Semantic search is actually ubiquitous. It concerns search engines, digital assistance agents, connected and smart speakers… This field is also in development and being improved.
Semantic search aims to improve the customer experience by providing individualized answers that clearly respond to the query expressed. It takes into account the context and compares the words used by the user with those in its database. This allows it to propose several answers corresponding to the request.
Here, the artificial intelligence will be able to extract key information in order to assign a category to the document in question. This can be done on the basis of "article topic" for example.
These advances reflect what AI encompasses and what it is capable of doing. However, this is just the beginning and these systems are expected to improve significantly over the next few years.
To get an idea of future applications, current projects include (among others):
- The human-machine interface (HMI)
The man-machine interfaces already exist, but they are in full mutation. It is a dashboard (screen) allowing the user to communicate with a computer program. For example, in a car, the driver can control the air conditioning, the lighting or the radio. These control instruments then refer to the car's HMI.

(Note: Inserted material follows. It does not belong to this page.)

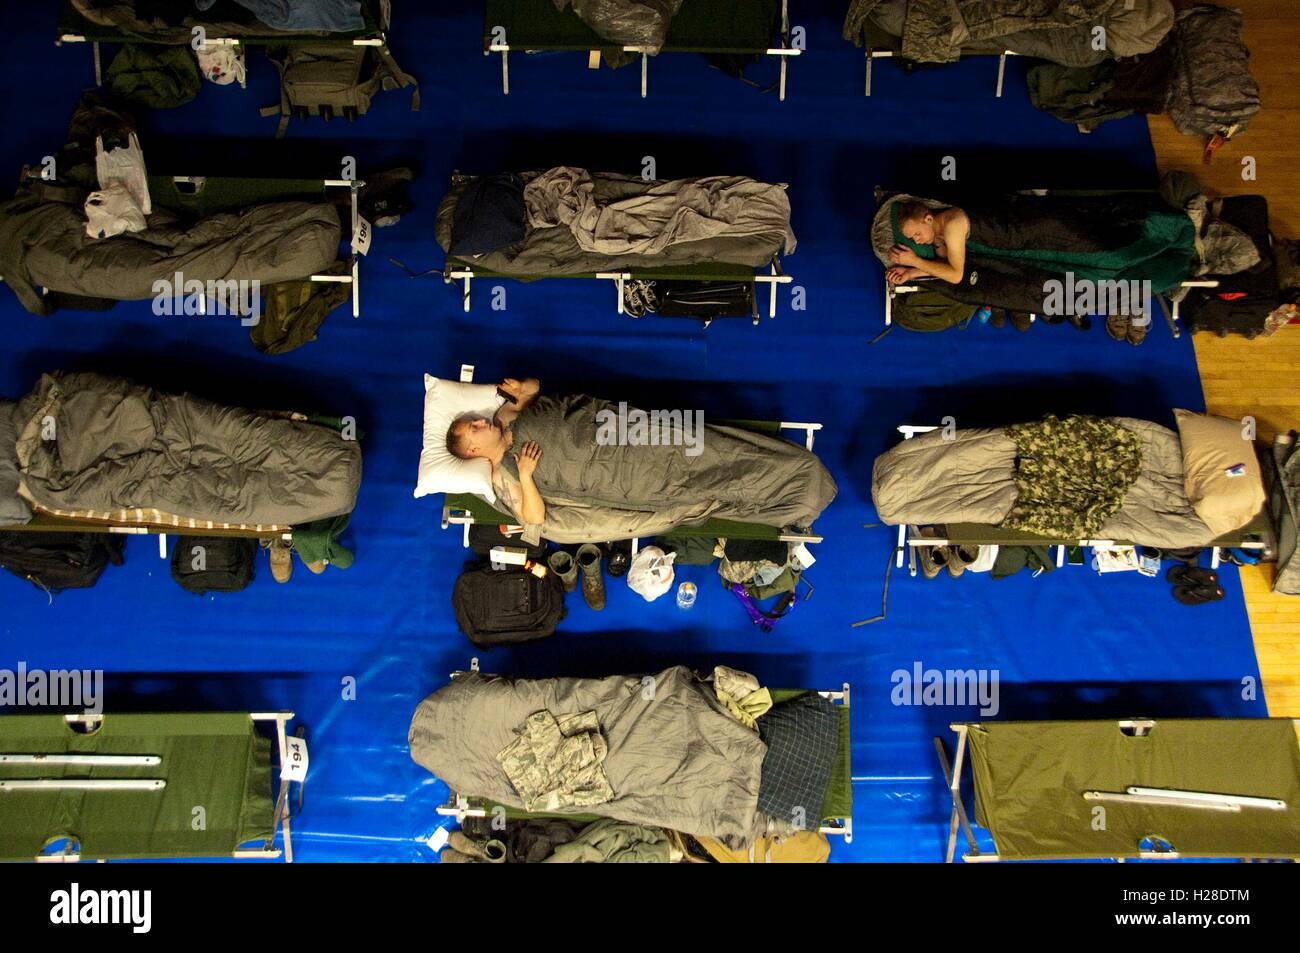 American and South Korean soldiers sleep in rows of cots during joint military exercise Key Resolve at the Osan Air Base Fitness and Sports Complex March 2, 2015 in Osan, South Korea. Stock Photo

The HMI is an integral part of the customer experience. It is these interfaces that provide access to intuitive, modern and efficient platforms. The open platform architecture of tomorrow's HMI solutions will provide more functionality and application connectivity to ensure greater freedom of use.
Among the future projects of the HMI we also find the brain-to-text. As its name indicates, it would use brain waves to convert human thoughts into text.
But there is still a lot of work to do before we get there !
- No code platforms
No Code would allow digital content creators to develop more simply. There would be no need to code and the user's task would be more intuitive.
This means that the developer doesn't need to have too much technical knowledge, he can give free rein to his creativity and benefits from a better accessibility to the platforms. The idea is to improve and accelerate the creation of projects, as coding can sometimes be very time-consuming and requires a lot of knowledge.